A couple of problems for the state and county.
1. The imminent threat argument. This clause allows an inspector to shut down a business if there were enough violations in a typical inspection that the business would pose an immediate risk to public health. Typically if there was a violation or two the business would to be allowed to implement corrective actions. Even if there was another failure, there would be another probationary period. In other words, the IT argument is within the context of a restaurant having numerous violations of ADOPTED health codes, not violating some blanket edit from bureaucrats from Lansing, Allegan, or Holland. Marlena’s has not violated an adopted code and therefore the IT clause doesn’t apply.
2. Innocent until proven guilty. When inspections are performed, the inspector must demonstrate or show evidence of violations of health codes. The current argument is that Marlena’s is an imminent threat in regard to Covid 19, but what is the evidence? She doesn’t need to prove anything. The ACHD needs to prove that she IS the source of Covid outbreaks. That would require contact tracing every customer walking through the door and demonstrating a rise in CV cases from her venue. Good luck.

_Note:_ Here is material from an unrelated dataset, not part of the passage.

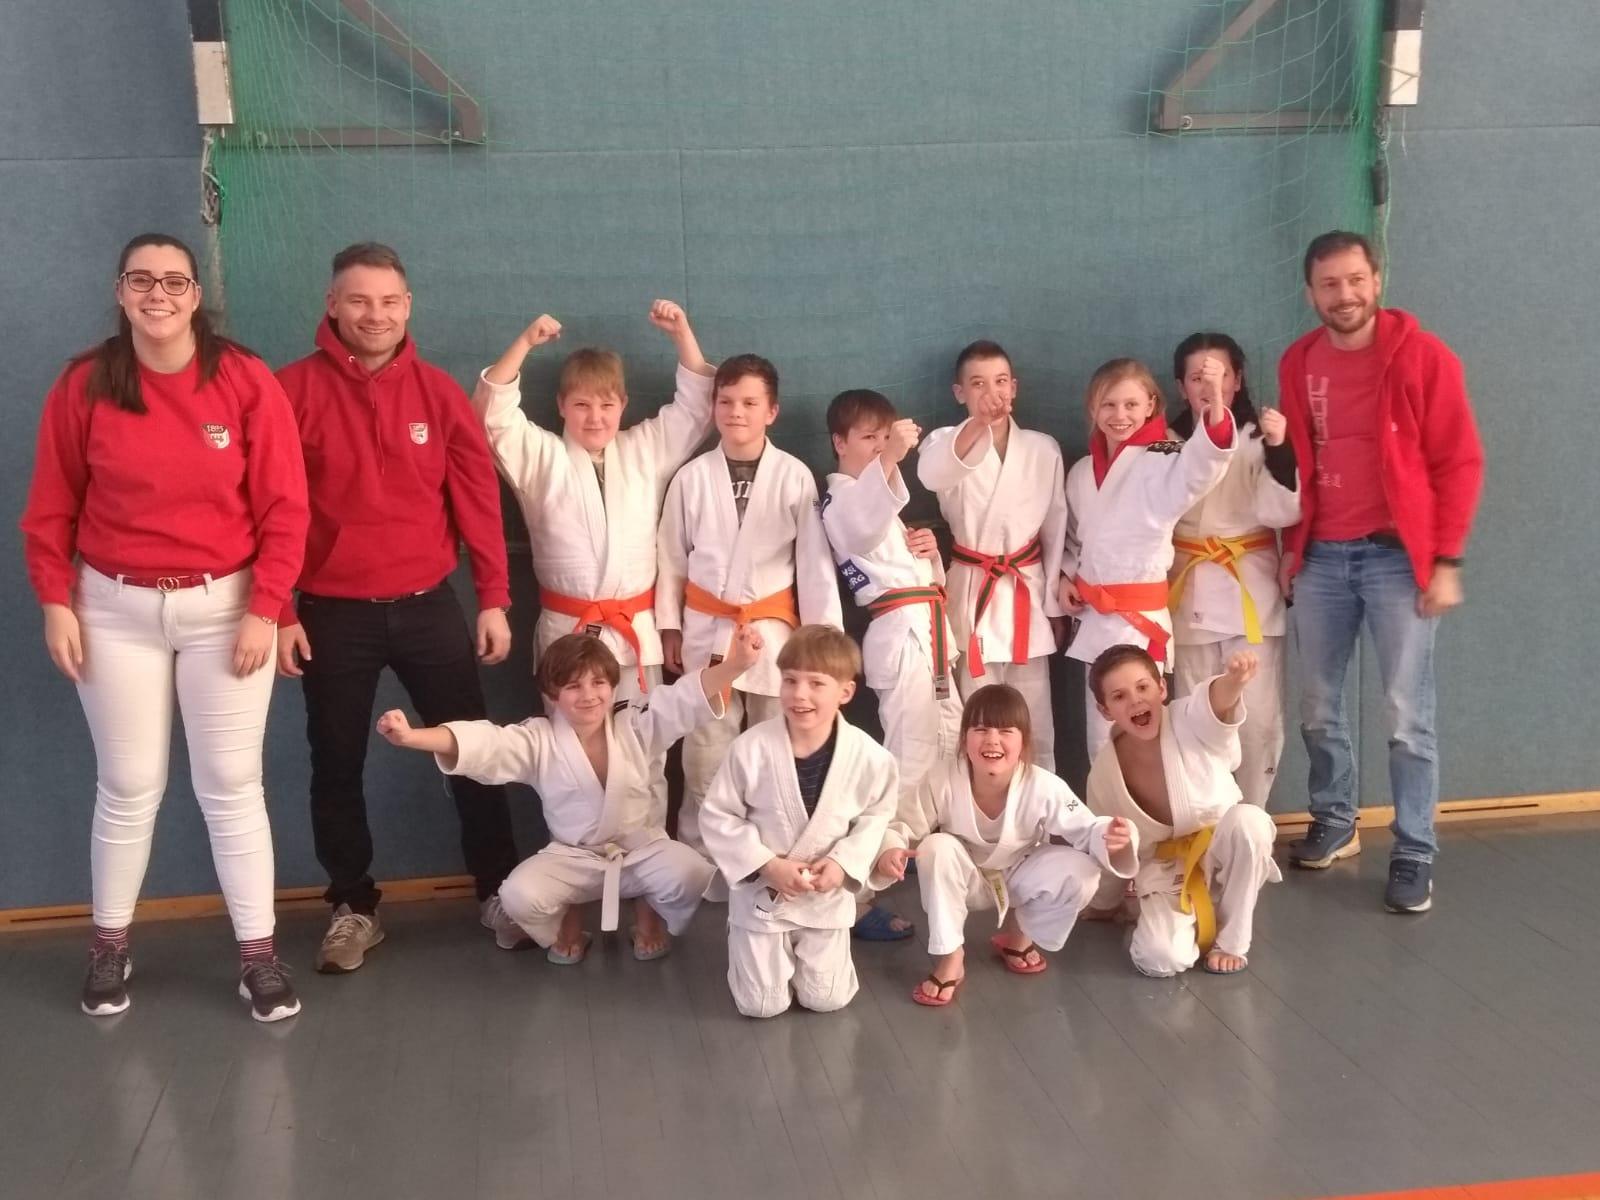 Die Judoka des FSV freuen sich über den Erfolg

As to the face mask argument, she stands on firm legal ground. There is no law or health code which forces people to wear masks. Again, this is only bureaucratic wishful thinking. Even Gov. Whitmer admits as much when on Nov. 5, 2020 she begged the MI legislature to enact a mask law(Google: Whitmer asks mask law). Whitmer knows that the mask mandate is illegal. Everyone has a right to self-health and Marlena’s honors that.